Friday, February 4, 2011

Hepatitis C; FibroTest is a validated non-invasive marker of fibrosis in treatment-naive patients.

FibroTest predicts virologic response in retreated HCV

FibroTest is an independent predictor of virologic response in chronic HCV patients retreated with pegylated interferon alfa-2b and ribavirin, finds February's Journal of Hepatology.

EPIC-3 is a prospective, international study that has demonstrated the efficacy of pegylated-intereron alfa-2b plus weight-based ribavirin in patients with chronic hepatitis C and significant fibrosis who previously failed any interferon–alfa/ribavirin therapy.

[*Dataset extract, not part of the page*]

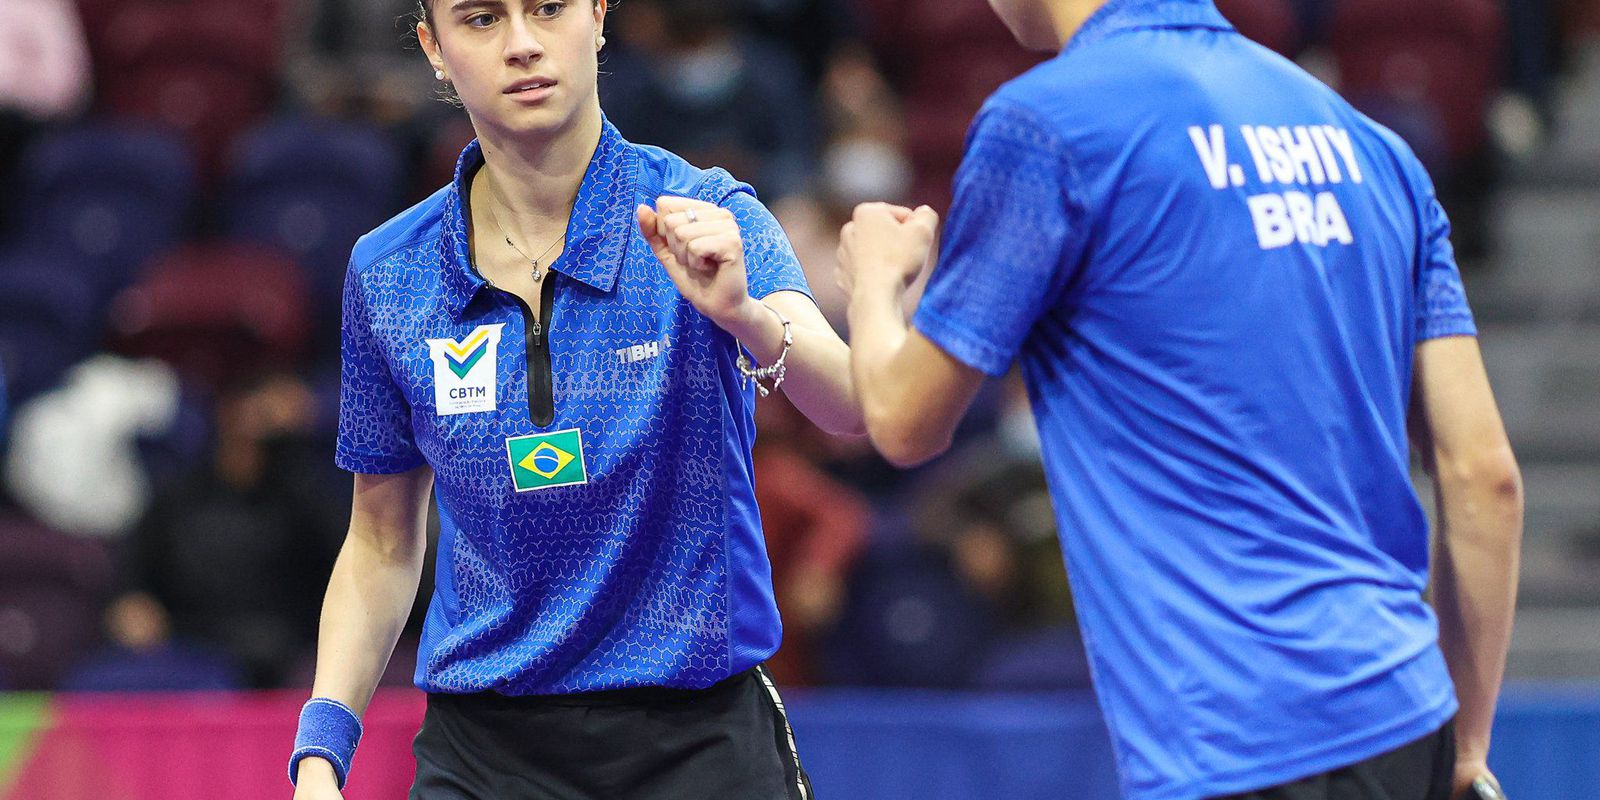 Double Takahashi and Ishiy win gold at table tennis Pan American

Dr Thierry Poynard and colleagues from France assessed FibroTest as a possible alternative to biopsy as the baseline predictor of subsequent early virologic, and sustained virologic response in previously treated patients.

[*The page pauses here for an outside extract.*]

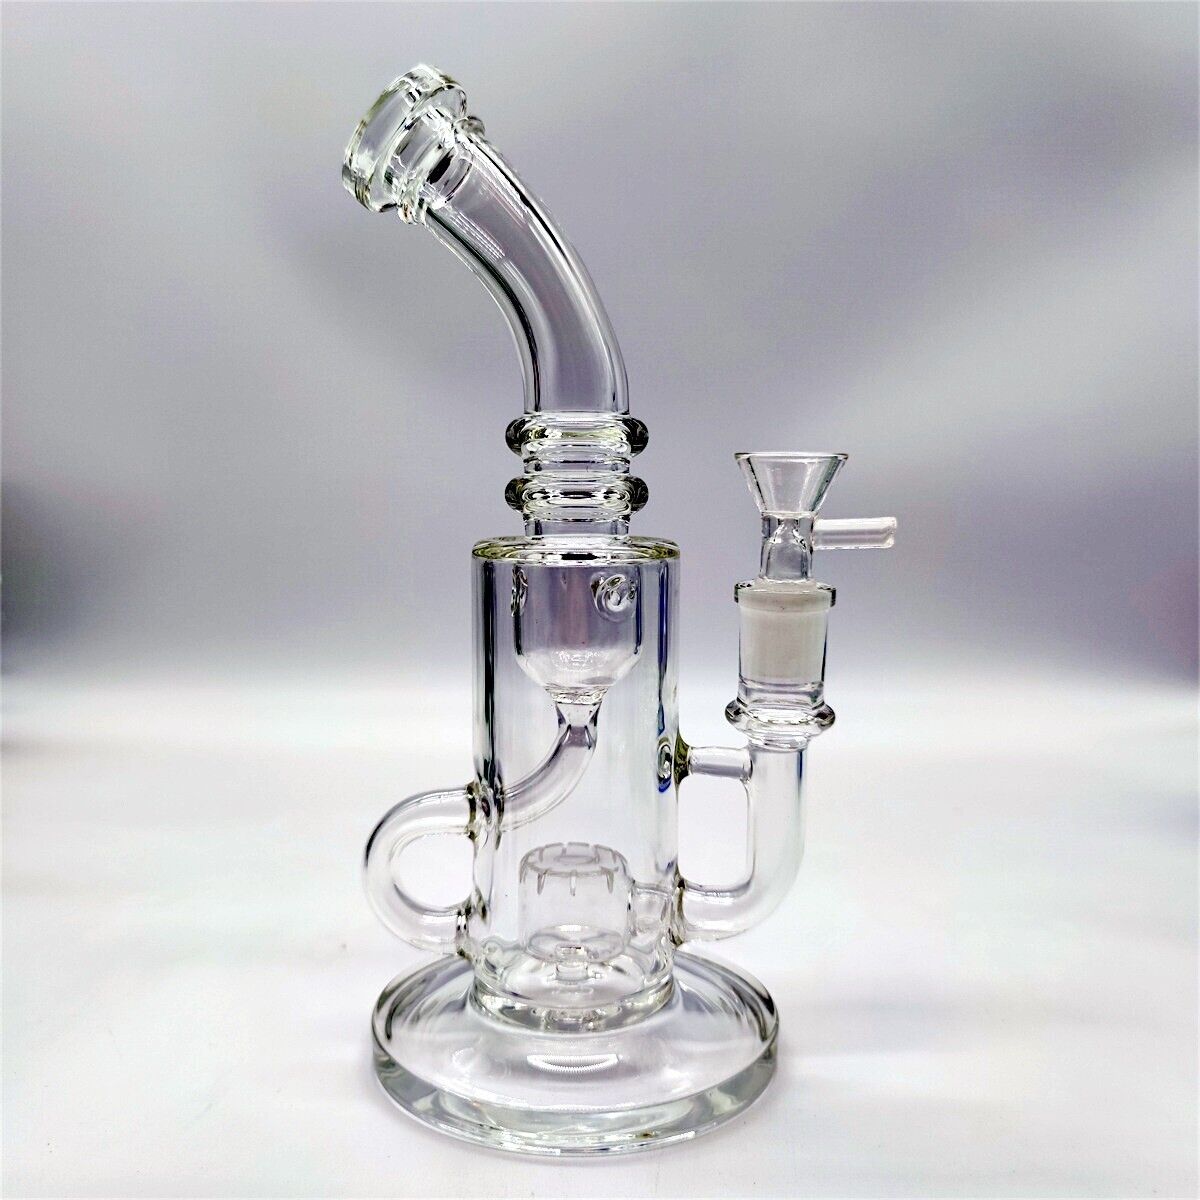 10 Inch Fab Egg Slit Hub Deluxe Recycler Glass Bong Water Pipe Hookah 14MM

Of 2312 patients enrolled, 1459 had an available baseline FibroTest, biopsy, and complete data.

58% achieving sustained virological response
Journal Hepatology
The research team observed that baseline characteristics were similar as in the overall population.

The team reported that 35% of patients had undetectable Hepatitis C virus-RNA at TW12 (TW12neg), with 58% achieving sustained virological response.

The accuracy of FibroTest was similar to that in naive patients.

The team found that the area under receiving operating characteristic curve for the diagnosis of F4 vs F2 was 0.8.

The researchers noted that 5 baseline factors were associated with sustained virological response.

The associated baseline factors included fibrosis stage estimated using FibroTest or biopsy, genotype 2/3, baseline viral load, prior relapse, and previous treatment with non-pegylated-interferon.

These same factors were associated with early virological response.

Among patients TW12neg, 2 independent factors remained highly predictive of sustained virological response.

The 2 independent factors included genotype 2/3, fibrosis estimated with FibroTest or by biopsy.

Dr concludes, "FibroTest at baseline is a possible non-invasive alternative to biopsy for the prediction of early virological response at 12 weeks.

"It is also an alternative to biopsy for the prediction of sustained virological response in patients with previous failures and advanced fibrosis, retreated with pegylated-interferon alfa-2b and ribavirin."